With a little time today I decided to properly run the Wilson 1000 antenna. Prior to this, it basically came through the door jam and just ran through the interior. I wanted to clean it up and keep it hidden. Here is what I did:
1. Remove the rear cover in the rear
2. Remove cover by front passenger
3. Pop loose B pillar cover. Note that there is a little plastic piece at the bottom and you have to snap out first.
4. Remove kick panel cover on passenger side (where the ECU is). You push in on a little insert, then slide the clip out. Now you can pivot the cover out of its place. Make sure the floormat is out of the way.
5. Now you can run the antenna wire between the panels. What I don's show here is that I pulled the weather stripping out of the way. In addition, when putting the weather stripping back on, I cut out a notch (not on the rubber itself, but the back support) in order to allow the weather stripping to go over the wire and sit back on.
6. Here you see the wire in the corner. I had to loosen the two screws to the grab handle in order to properly push the antenna wire all the way in.
7. The B pillar at the top is still secured since I did not remove it.
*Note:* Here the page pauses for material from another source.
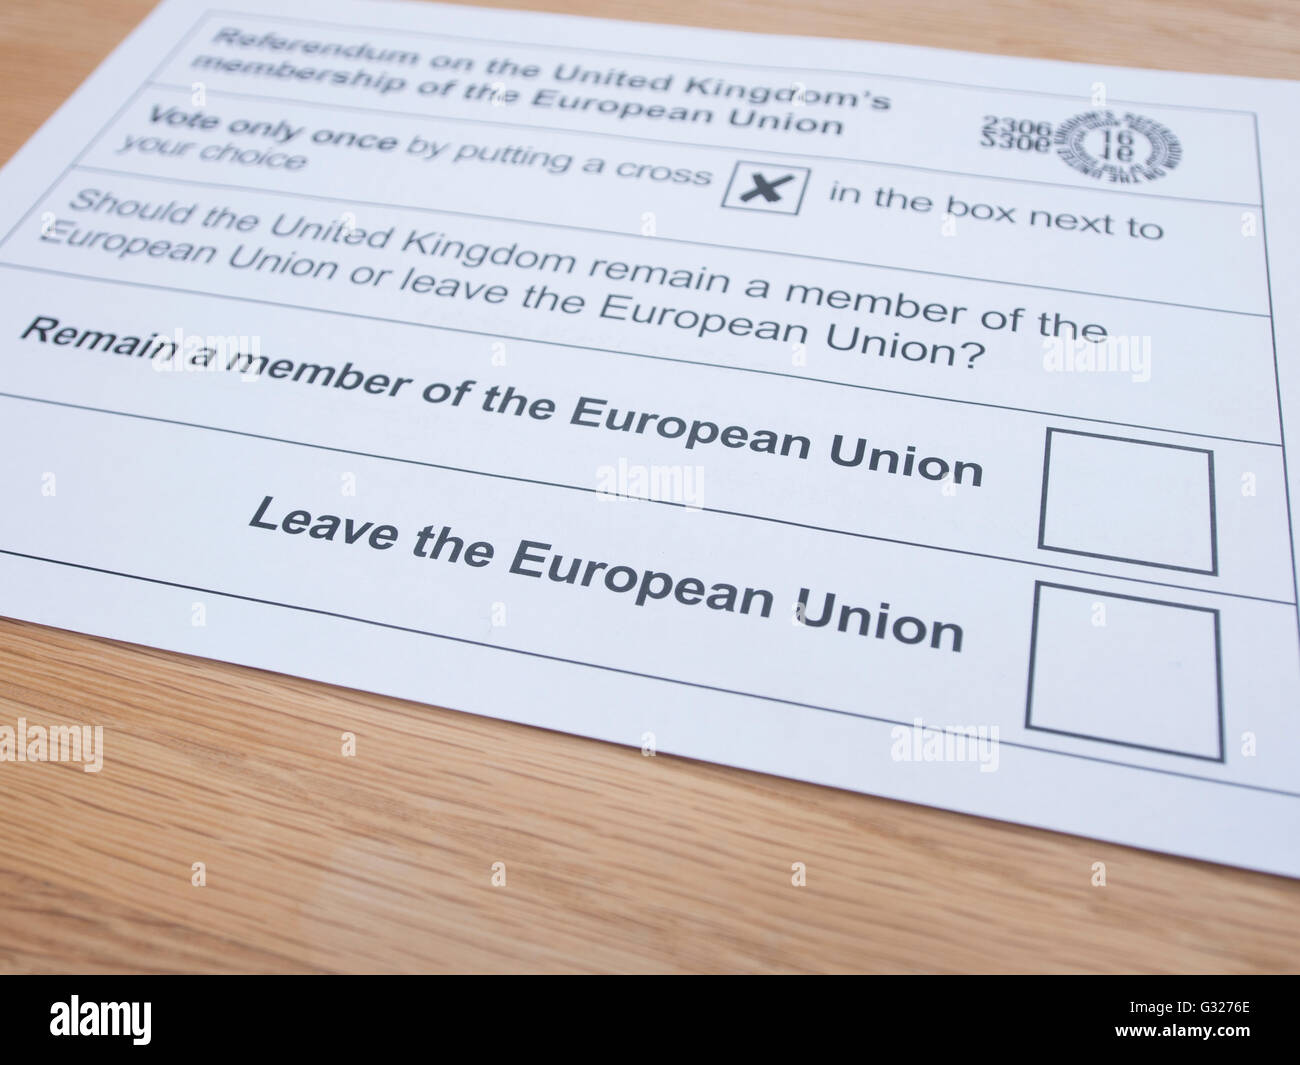 Exeter UK 7 June 2016 EU referendum voting by postal ballot - Stock Image
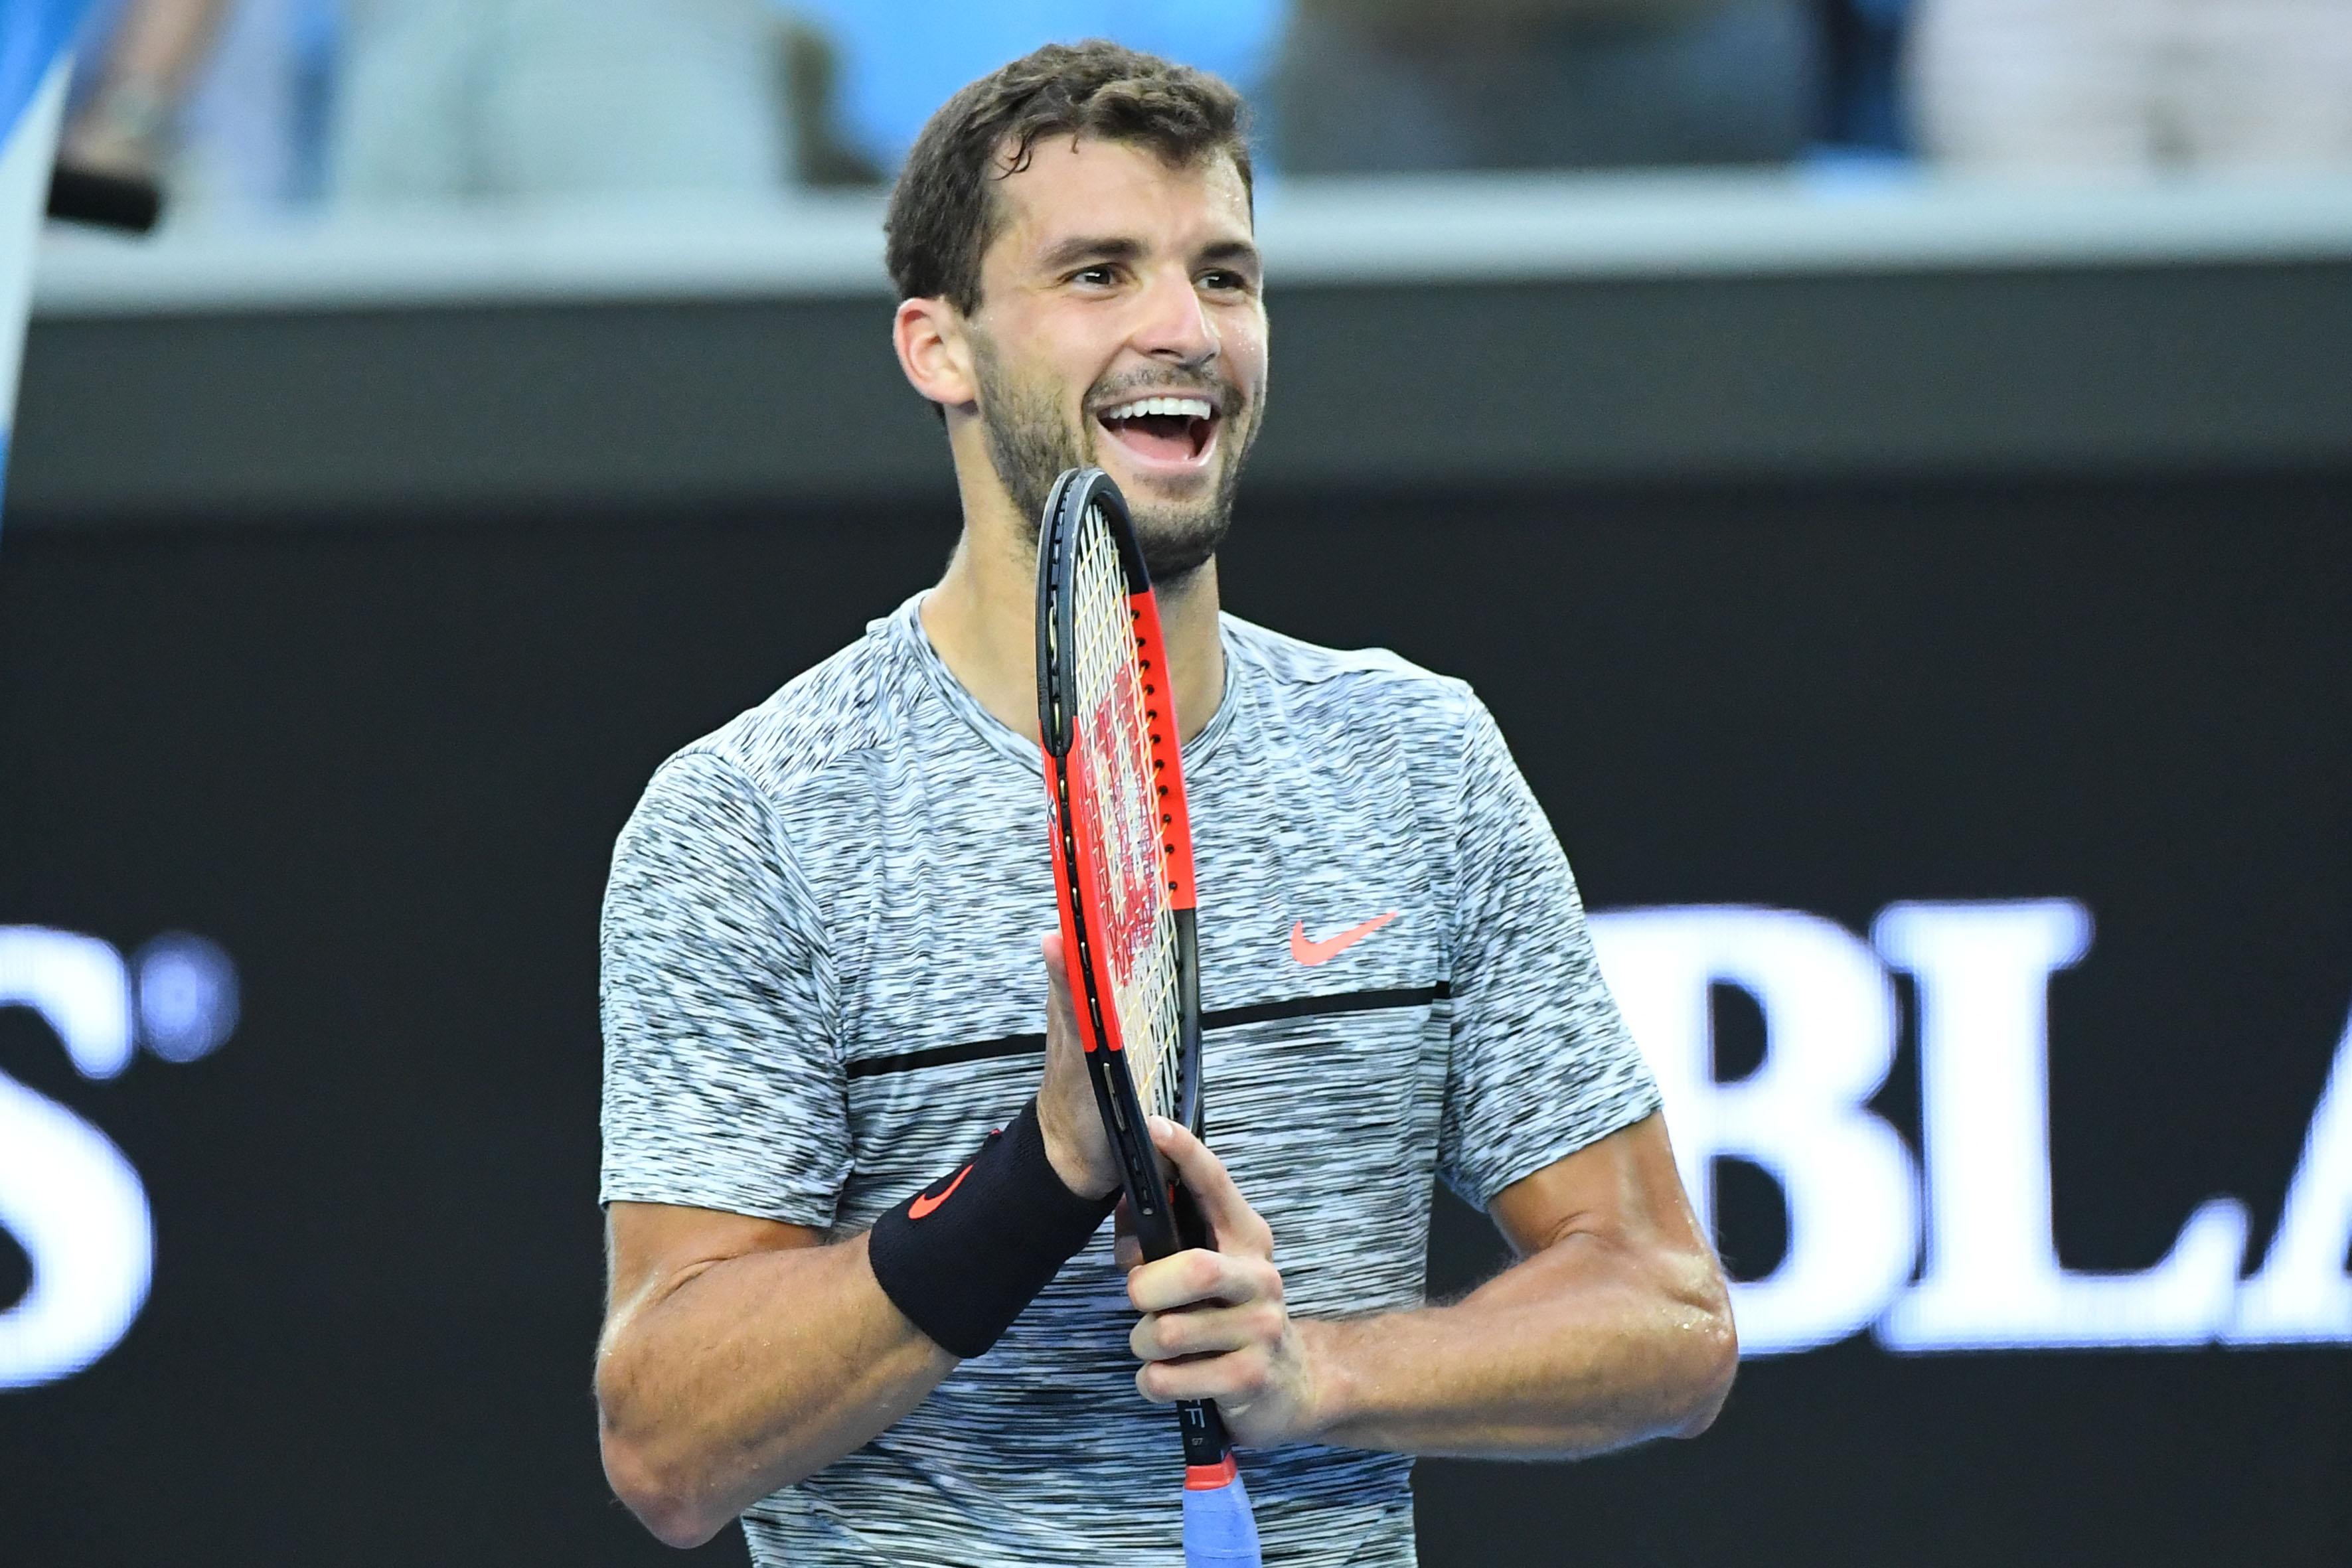 Tennis : Open Australie - Baby Federer, Nicole Scherzinger : 5 choses à savoir sur Grigor Dimitrov

The wire easily went behind it.
It is the bottom half I popped out. The picture displays the wire before being dropped in completely.
Here is the wire again before being tucked in.
8. At this point I ran the wire underneath the factory clips for the factory harness.
9. I pulled the carpeting by the passenger footwell back and completed the run.
10. This is the only part I don't have a solution for. But this is pre-weather stripping reinstall (at which point I placed the notch).
11. Finally the completed picture. You can see a slight depression where the weather stripping went back on but I think it is pretty good.
I haven't tested it yet. The worse that can happen is the antenna wire picks up interference from the factory wires, but given the shielding I doubt it will happen.
On a side note, I wasn't trying to take great pictures here...so forgive the lighting.